A day after scientists reported finding a huge “plume” of oil extending miles east of the leaking BP well, on Friday a Louisiana scientist said his crew had located another vast plume of oily globs, miles in the opposite direction. James H. Cowan Jr., a professor at Louisiana State University, said his crew on Wednesday found a plume of oil in a section of the gulf 75 miles northwest of the source of the leak. Cowan said that his crew sent a remotely controlled submarine into the water, and found it full of oily globules, from the size of a thumbnail to the size of a golf ball.
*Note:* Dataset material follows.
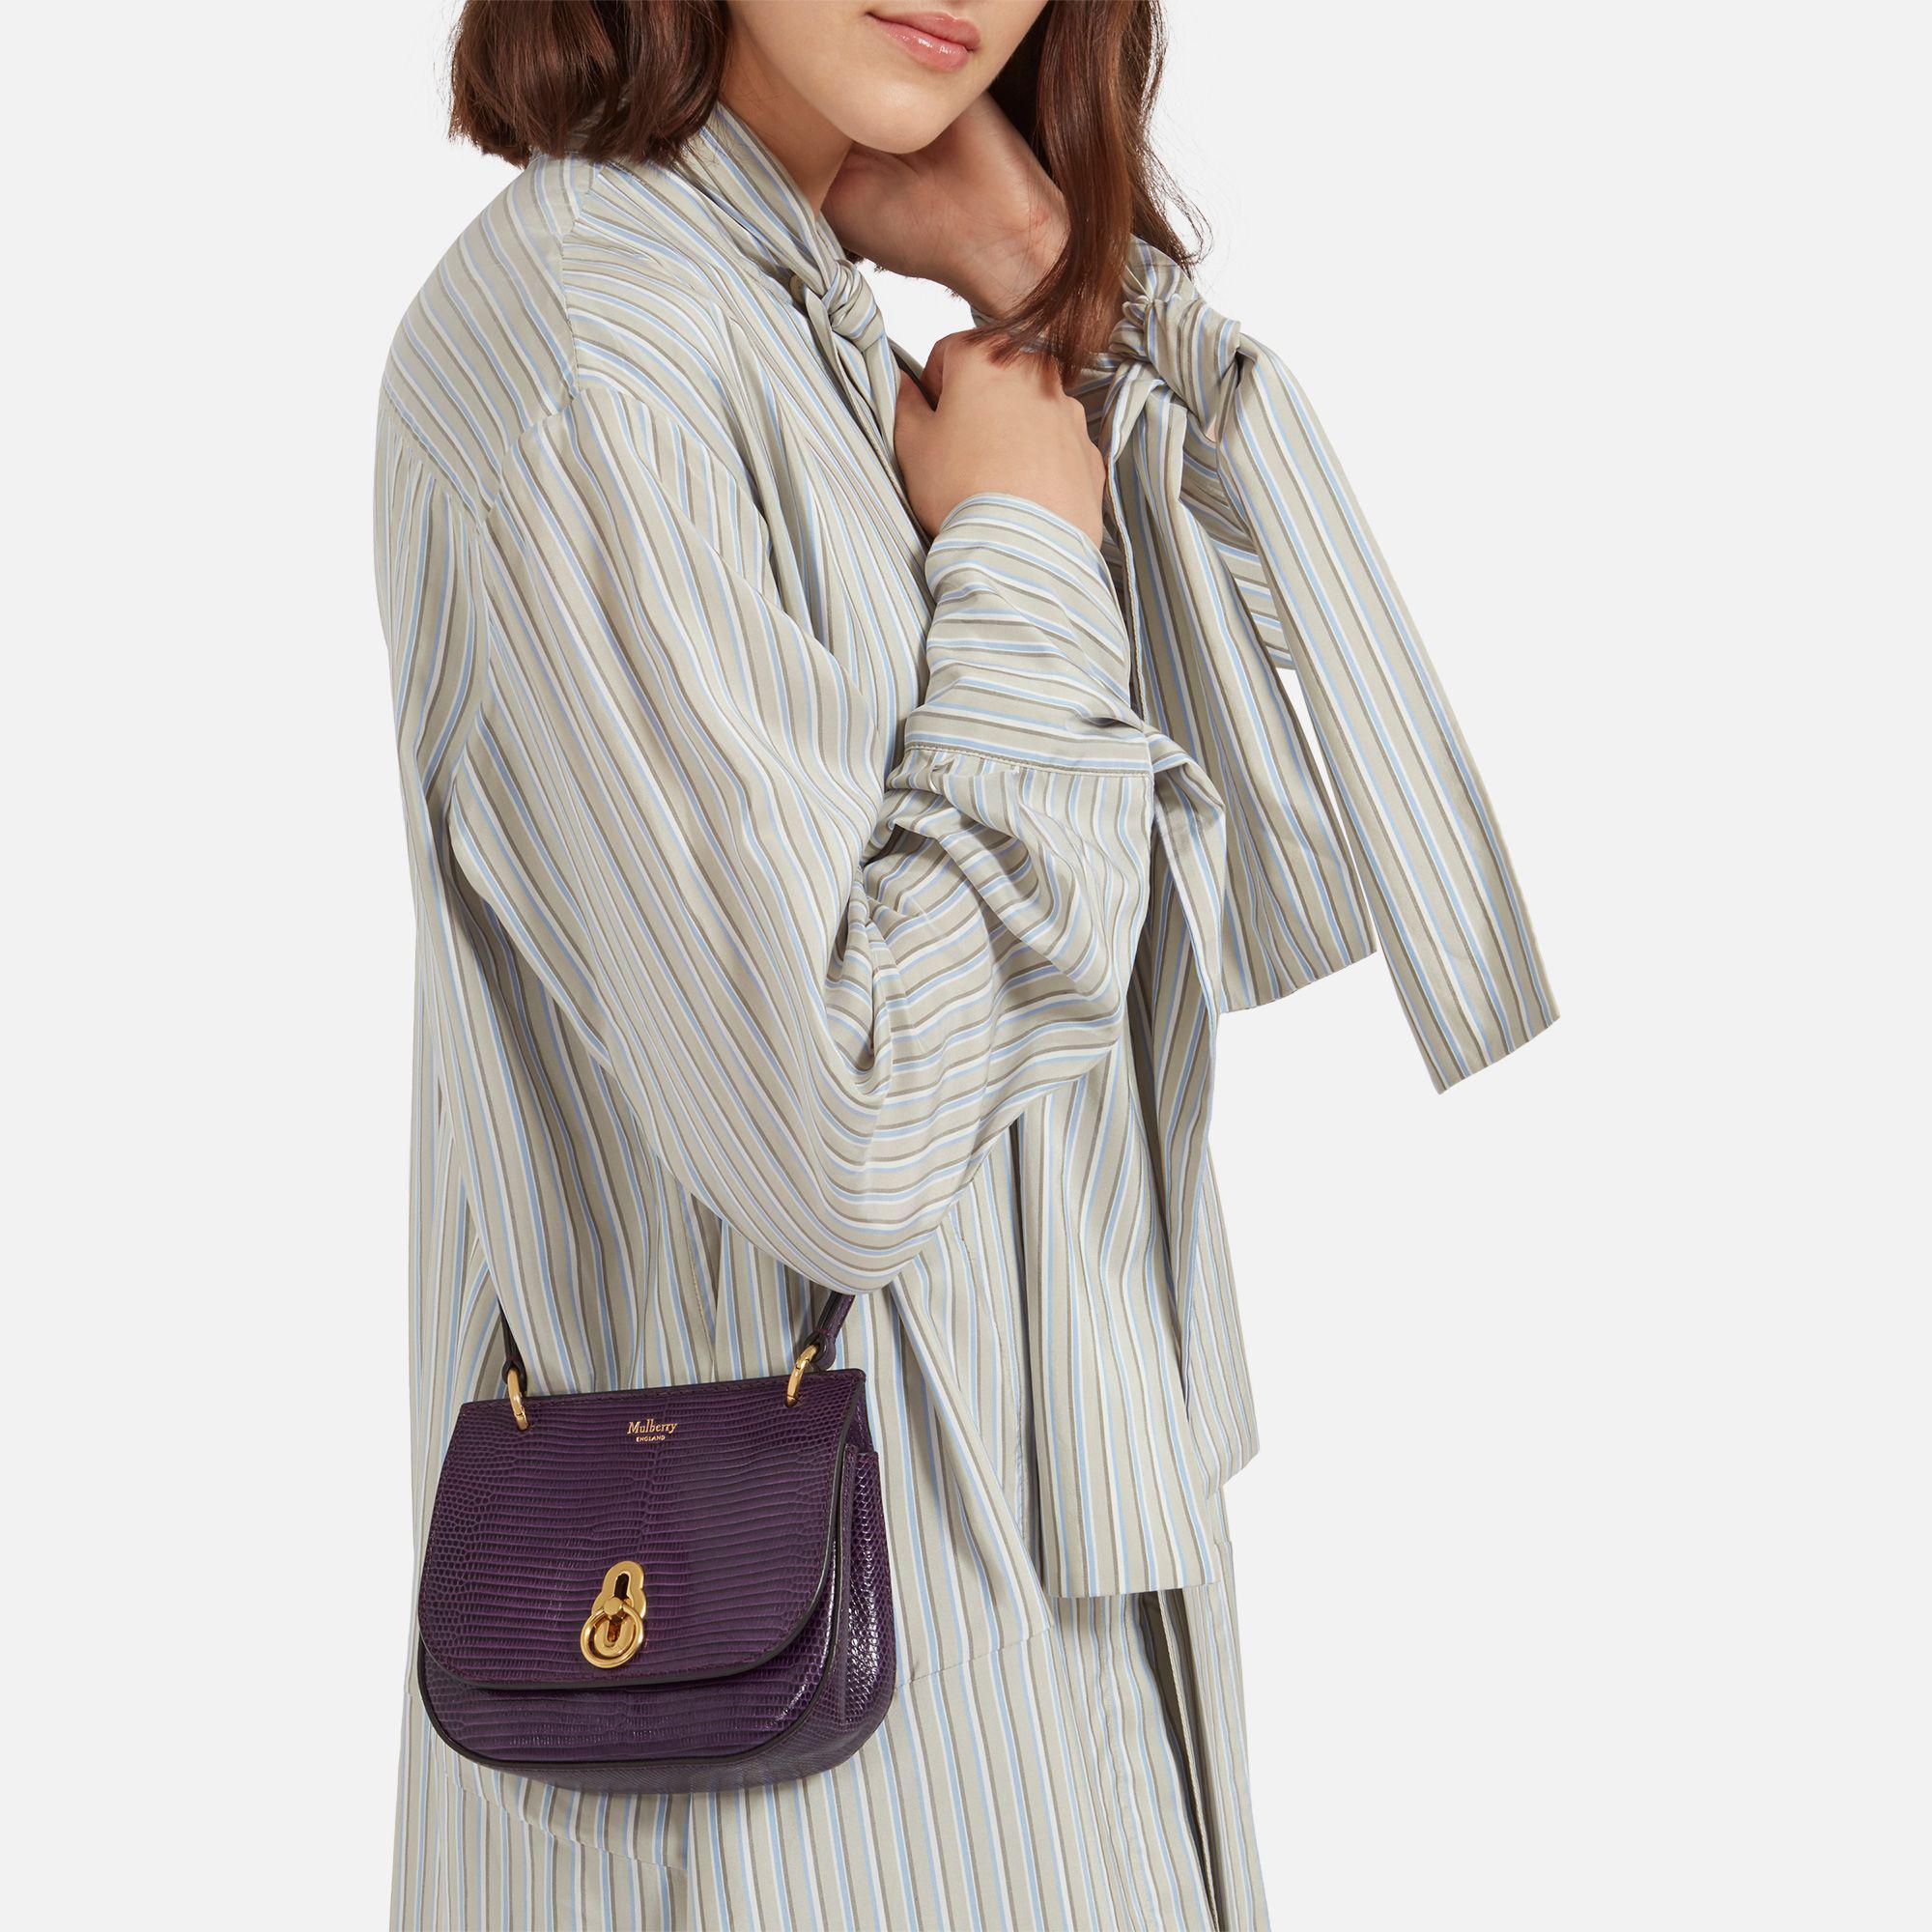 706009b7b411 ... discount amberley. mulberry handbagequestrian mulberry purple mini amberley  satchel lyst. view fullscreen cf26a 3e2c4

Unlike the plume found east of the leak — in which the oil was so dissolved that contaminated water appeared clear — Cowan said the oil at this site was so thick that it covered the lights on the submarine. “It almost looks like big wet snowflakes, but they’re brown and black and oily,” Cowan said. The submarine returned to the surface entirely black, he said. Cowan said that the submarine traveled about 400 feet down, close to the sea floor, and found oil all the way down. Trying to find the edges of the plume, he said the submarine traveled miles from side to side. “We really never found either end of it,” he said. He said he did not know how wide the plume actually was, or how far it stretched away to the west. He said the plume was found in an area that had already been closed to fishing by the federal government. …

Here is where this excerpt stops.